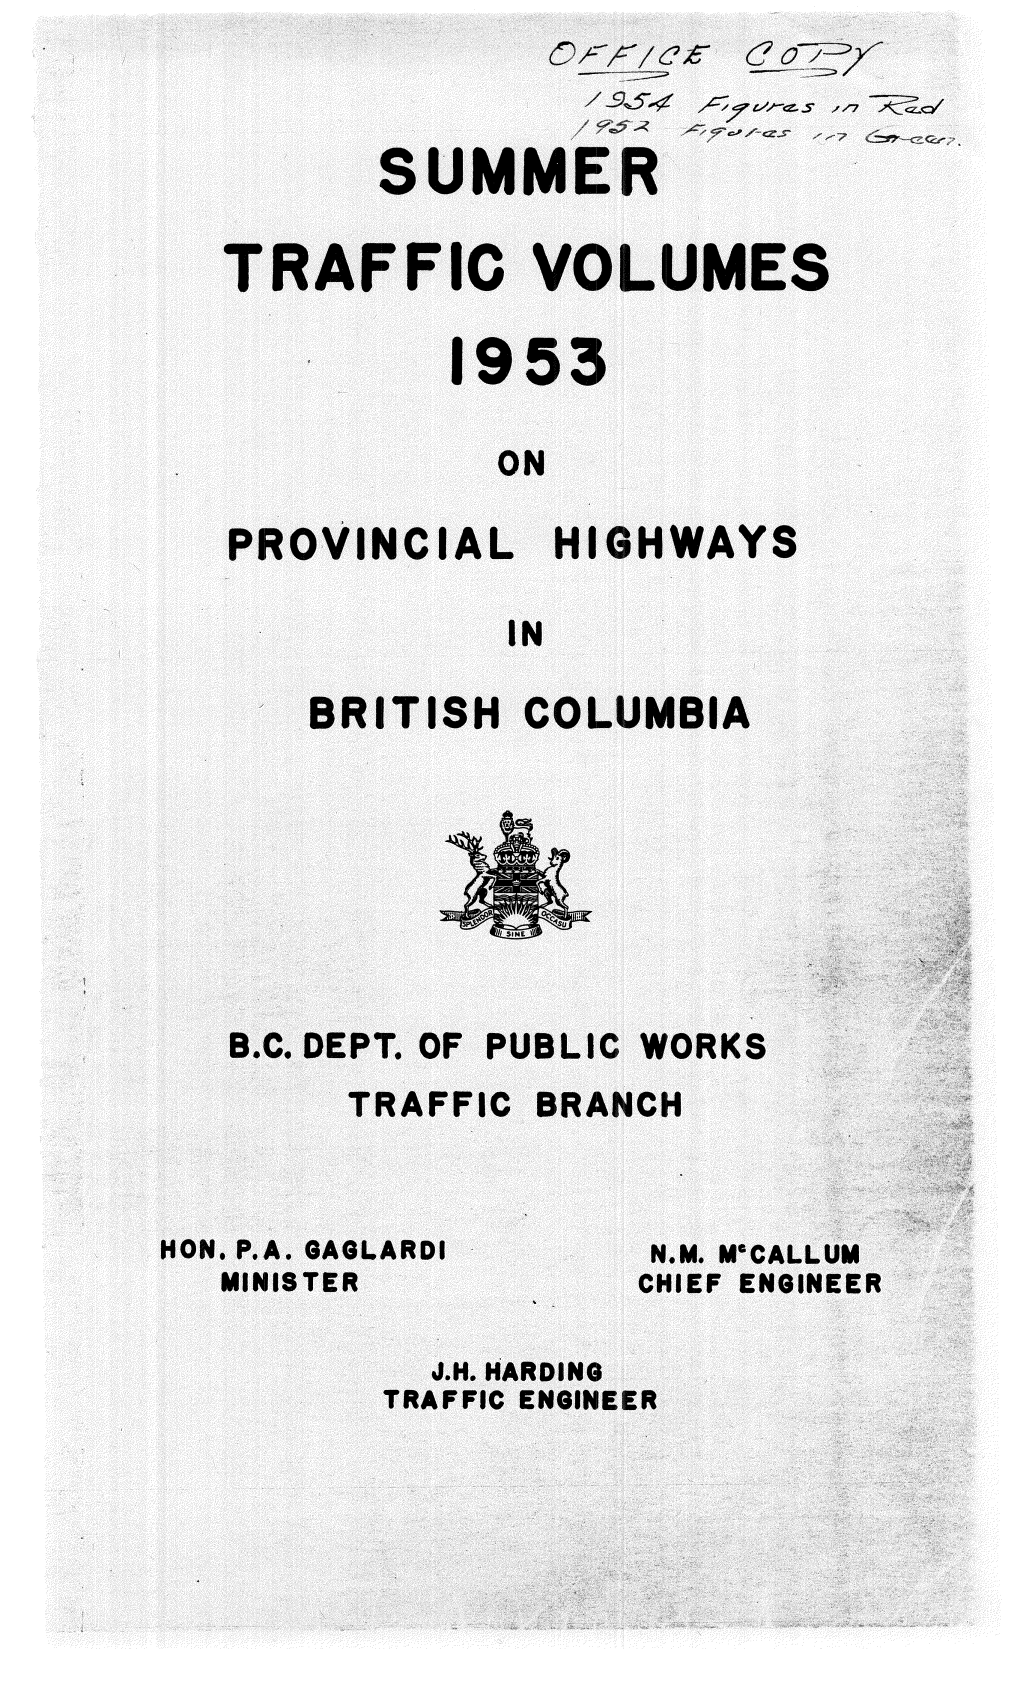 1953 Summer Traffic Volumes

---

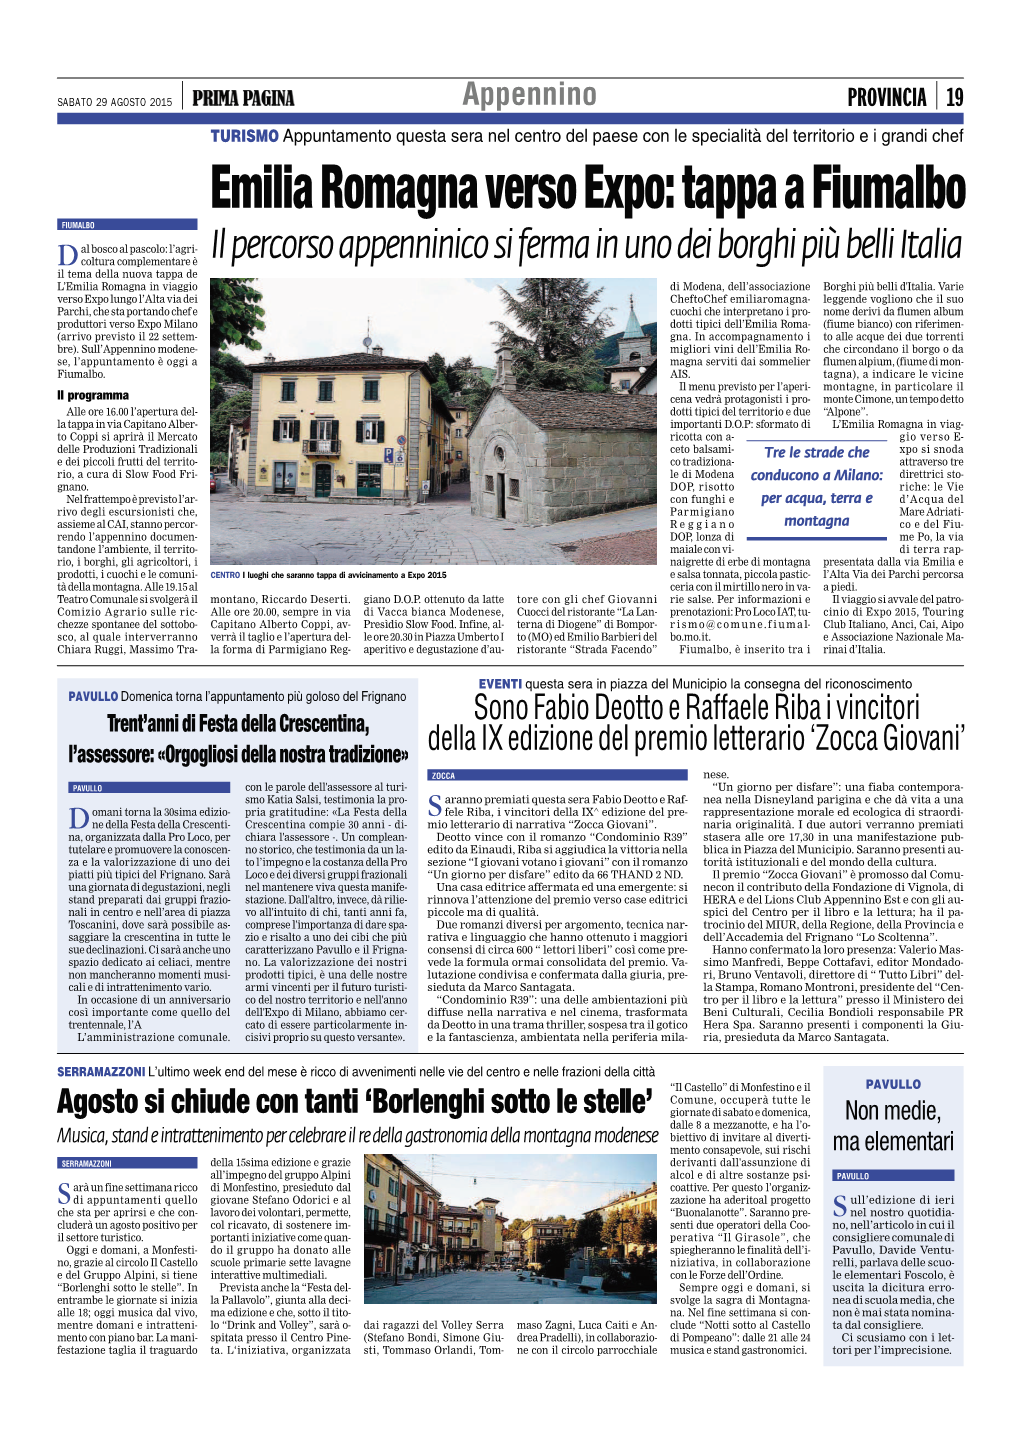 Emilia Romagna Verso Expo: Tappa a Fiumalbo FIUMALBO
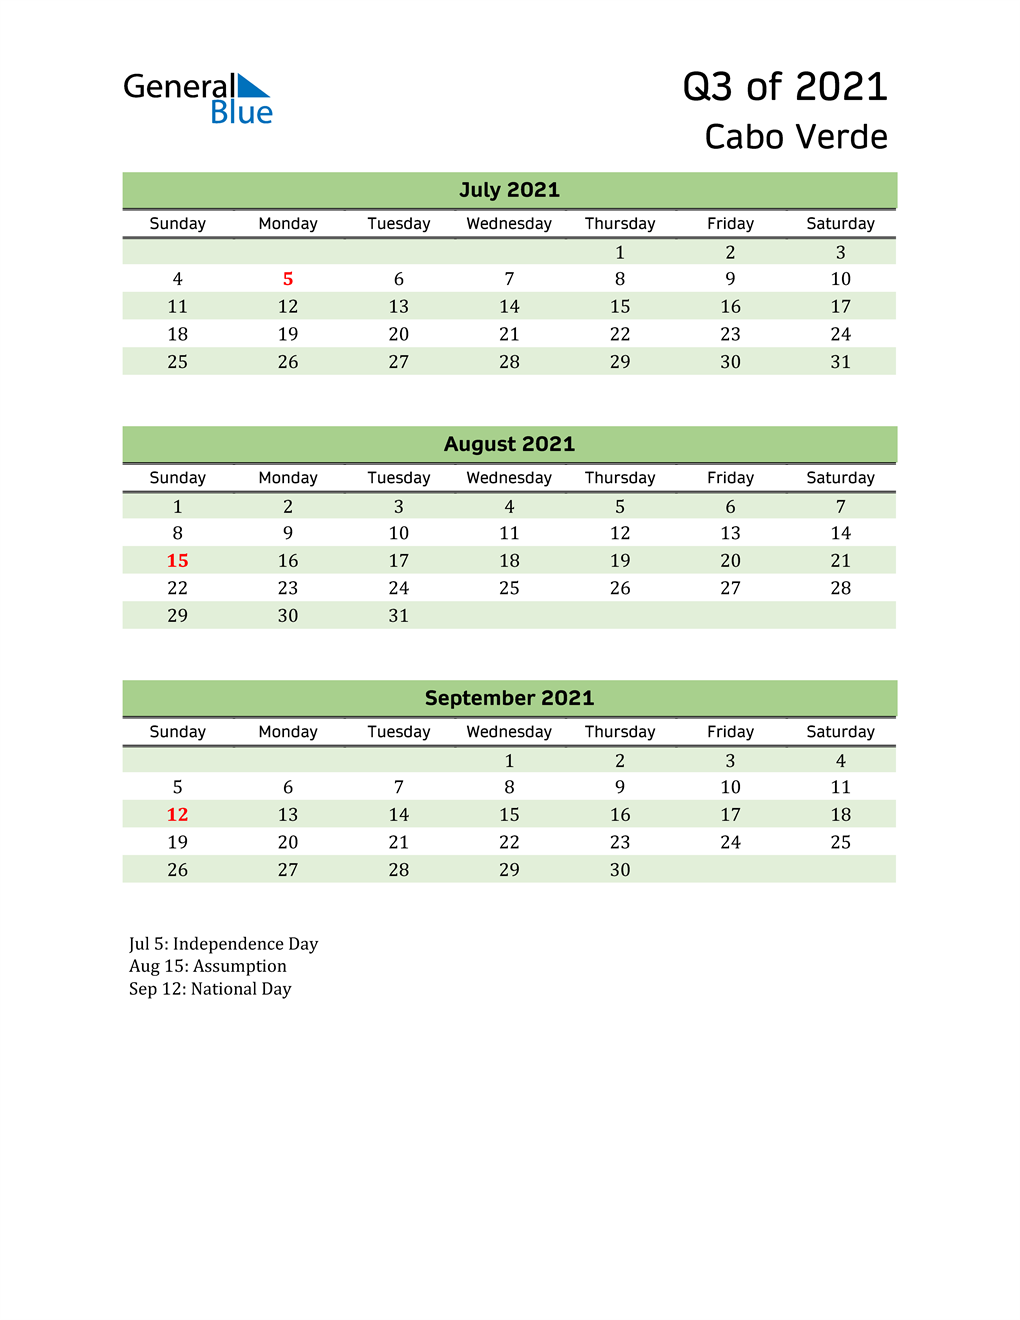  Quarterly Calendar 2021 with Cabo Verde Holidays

Work required: What you return must match, character for character, the lines above from the one with "Emilia Romagna Verso" through the one with "Quarterly Calendar 2021", minus any pictures.

Task solution:
 Emilia Romagna Verso Expo: Tappa a Fiumalbo FIUMALBO
  Quarterly Calendar 2021 with Cabo Verde Holidays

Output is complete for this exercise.